First it was Fremantle, then Hobart and now Melbourne. Something is stirring. Local councils around the country are increasingly calling for something to change about our celebration of Australia Day on 26 January. It marks the arrival of the First Fleet at Port Jackson in 1788. It has changed previously, being known at earlier times as First Landing Day or Foundation Day. There is no reason why it can’t change in some ways again.

For some such calls for change are unpatriotic. Others see them as signs of increasing awareness and sensitivity to Aboriginal people. Perhaps also they are markers of progress on our shared journey of Reconciliation. The reality of the date of 26 January for Aboriginal people is not going to go away. The question is how, as individuals, communities and a nation, do we best respond? The answer is more obvious than we realise.

Australia has several national symbols but perhaps there is one that unites us all.
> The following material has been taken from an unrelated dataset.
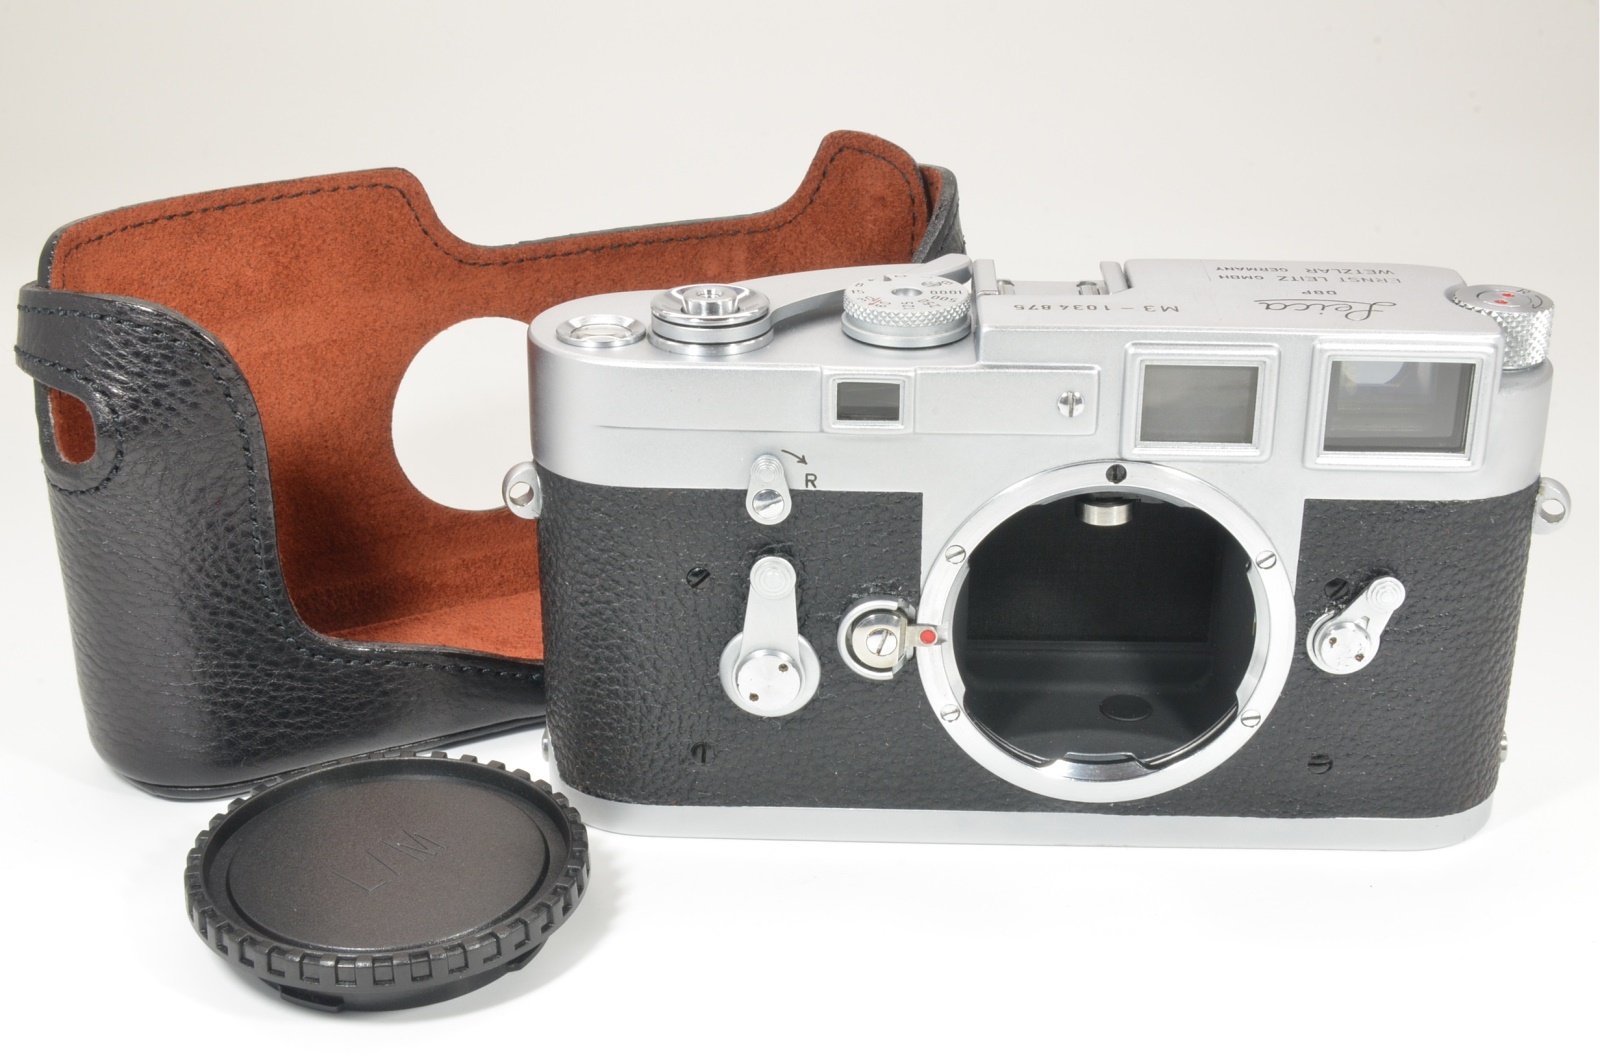 leica m3 single stroke s/n 1034875 year 1961 with leather case, shooting tested

That symbol is our national floral emblem the Golden Wattle. It has been the great witness to the whole of the Australian story. It has been in our land for more than 30 million years and has welcomed us all – Aboriginal, colonials, post-war and 21st century migrants. It has no historical baggage. It is our colours – the green and gold.

So Wattle can help us solve the conflict and sadness around an Australia Day celebrated on 26 January. We could link National Wattle Day, officially proclaimed 25 years ago this year, with Australia Day as joint days on which we celebrate Australia, this land, its people and our nation. National Wattle Day would not compete with Australia Day, rather it would complete Australia Day. It would do what Wattle has always done – unite us.
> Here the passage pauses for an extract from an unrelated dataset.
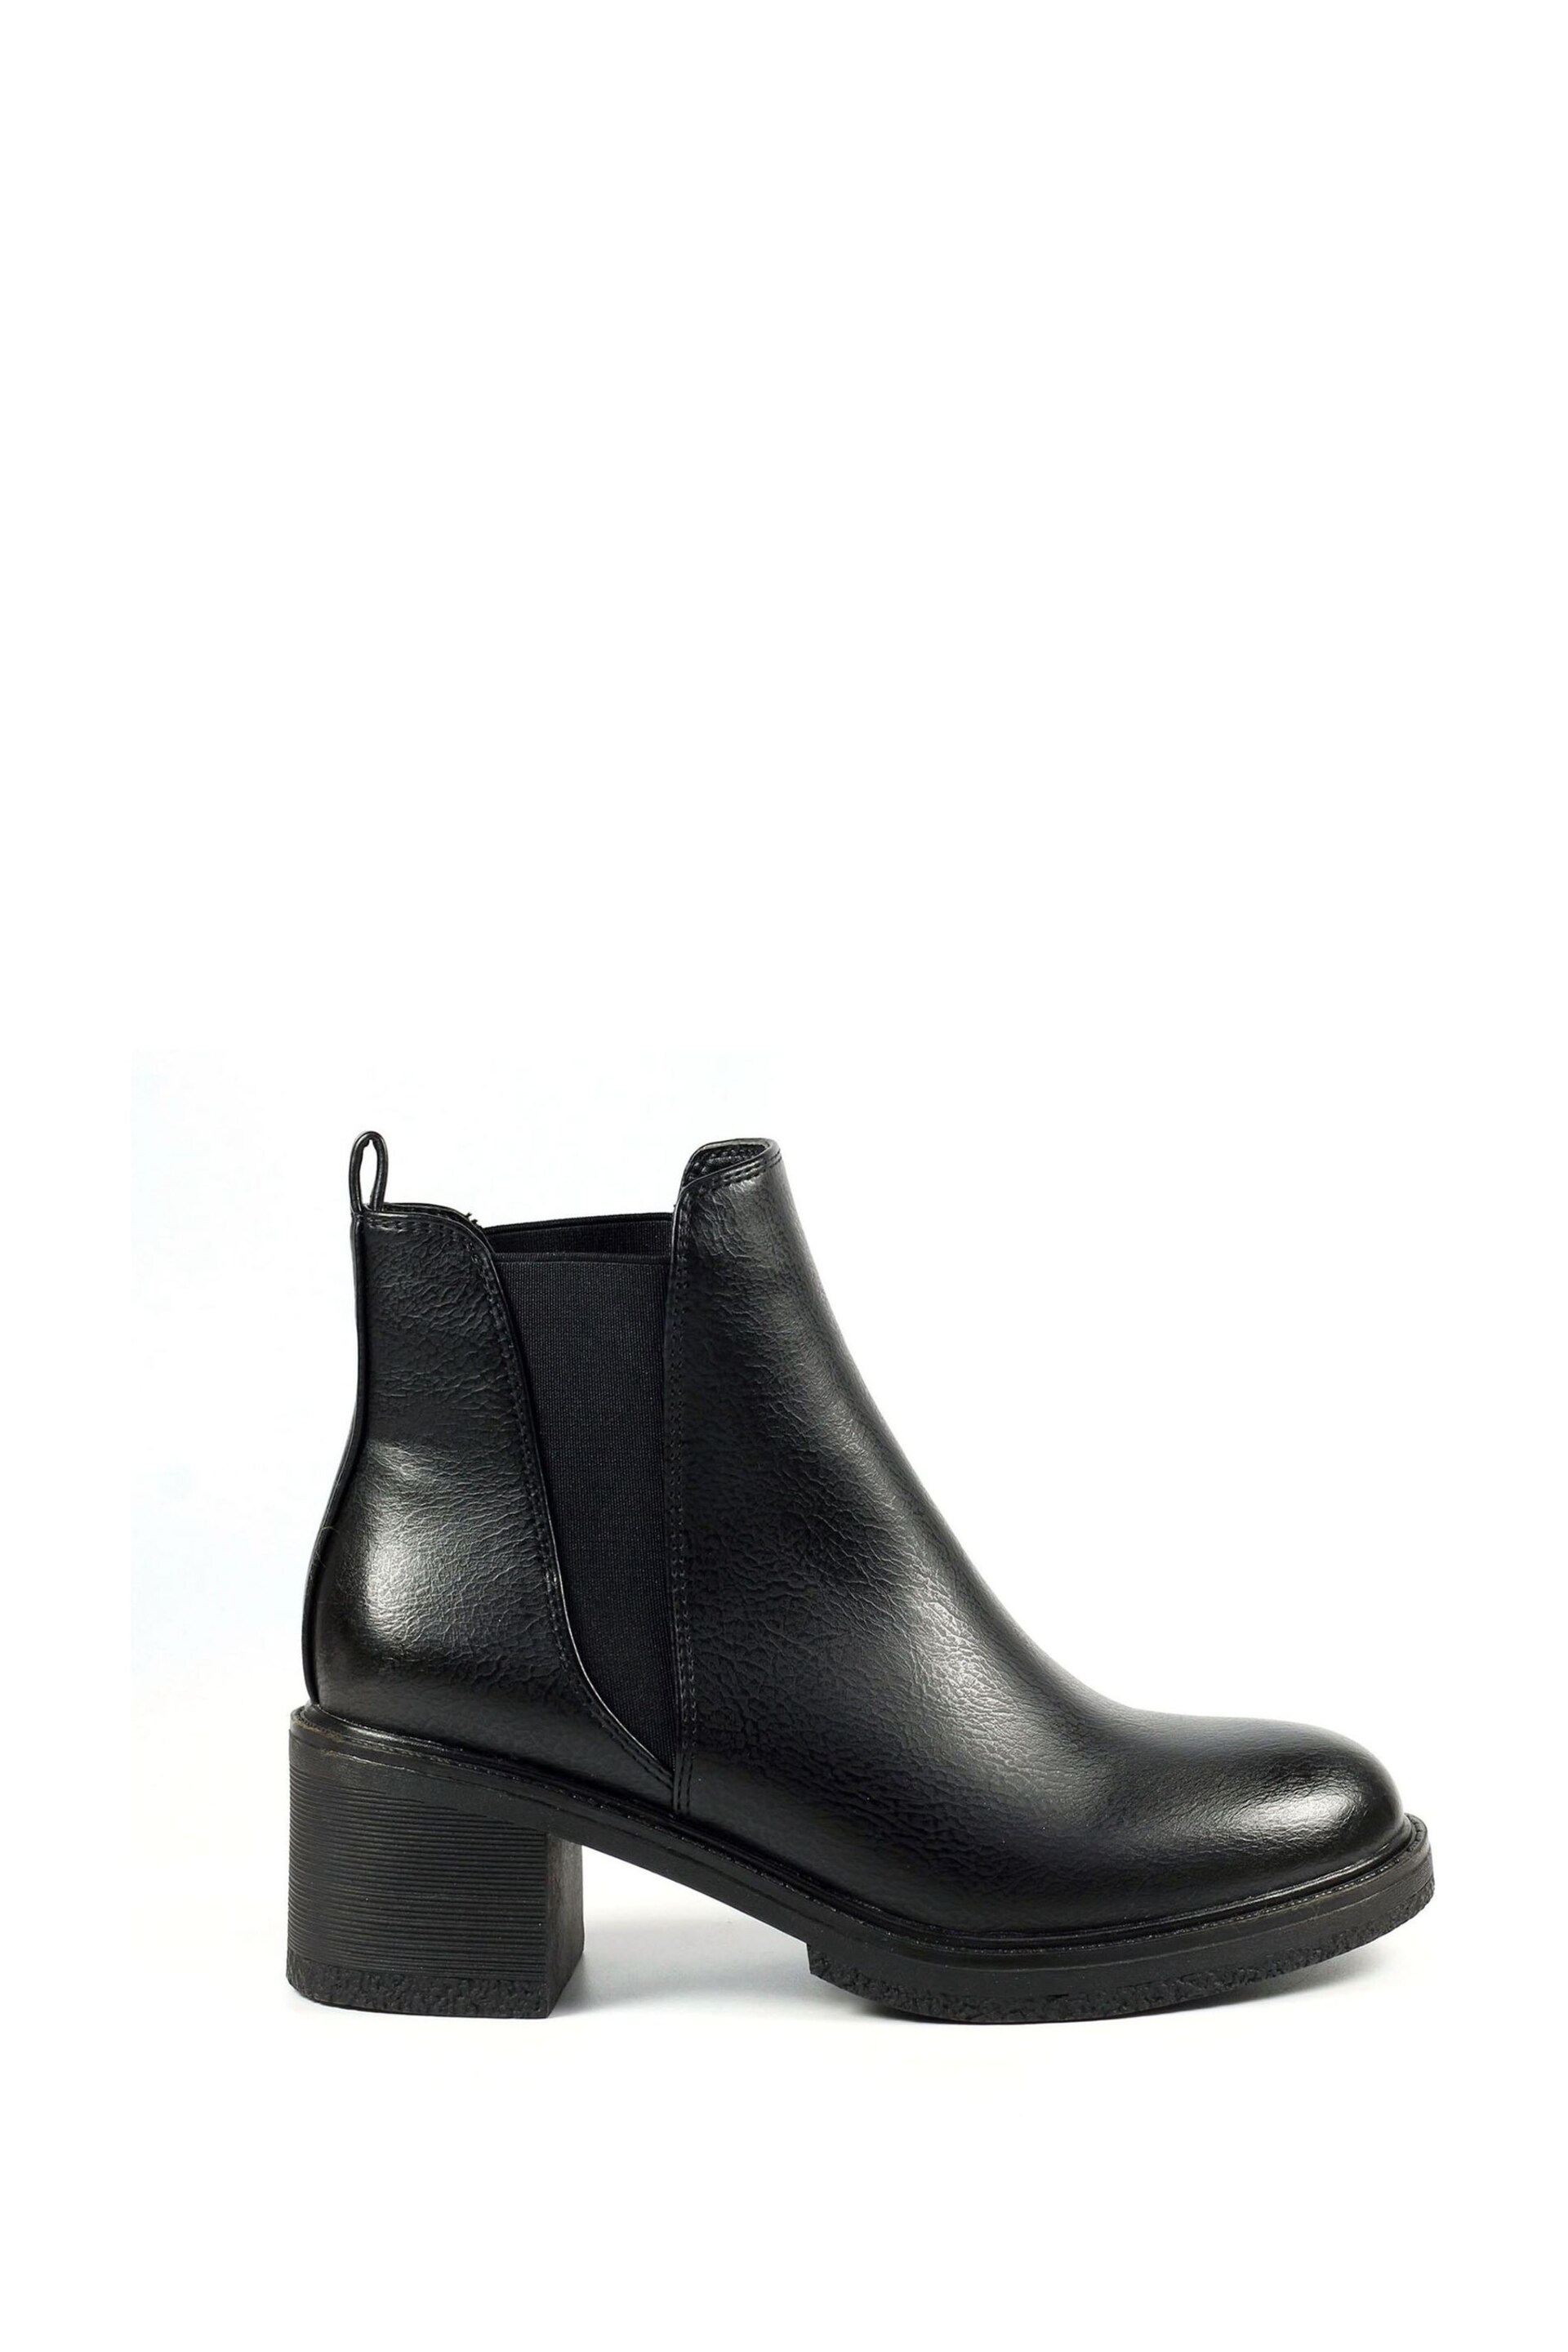 Lunar Ophelia Block Heel Ankle Boots - Image 2 of 8

Rather than let national celebrations descend into increasingly bitter argument and disunity, we could embark on a process of celebrating both days and for a period of five years, let all Australians celebrate on either or both days, in ways that they consider most appropriate. Wattle has great meaning and significance and for those looking for more than just a ‘beers on the beach’ celebration, it teaches us and challenges us how to survive and live in harmony with this ancient land.

Implementation of this arrangement would be relatively simple. National Wattle Day is already a gazetted national day, celebrated each year on 1 September. Linking that date with 26 January would put the focus on unity rather than disunity and enable us to channel the various ideas and beliefs about national identity and its celebration into constructive and thoughtful proposals. In time we can create national celebrations that are accepted by all in a united and reconciled Australia.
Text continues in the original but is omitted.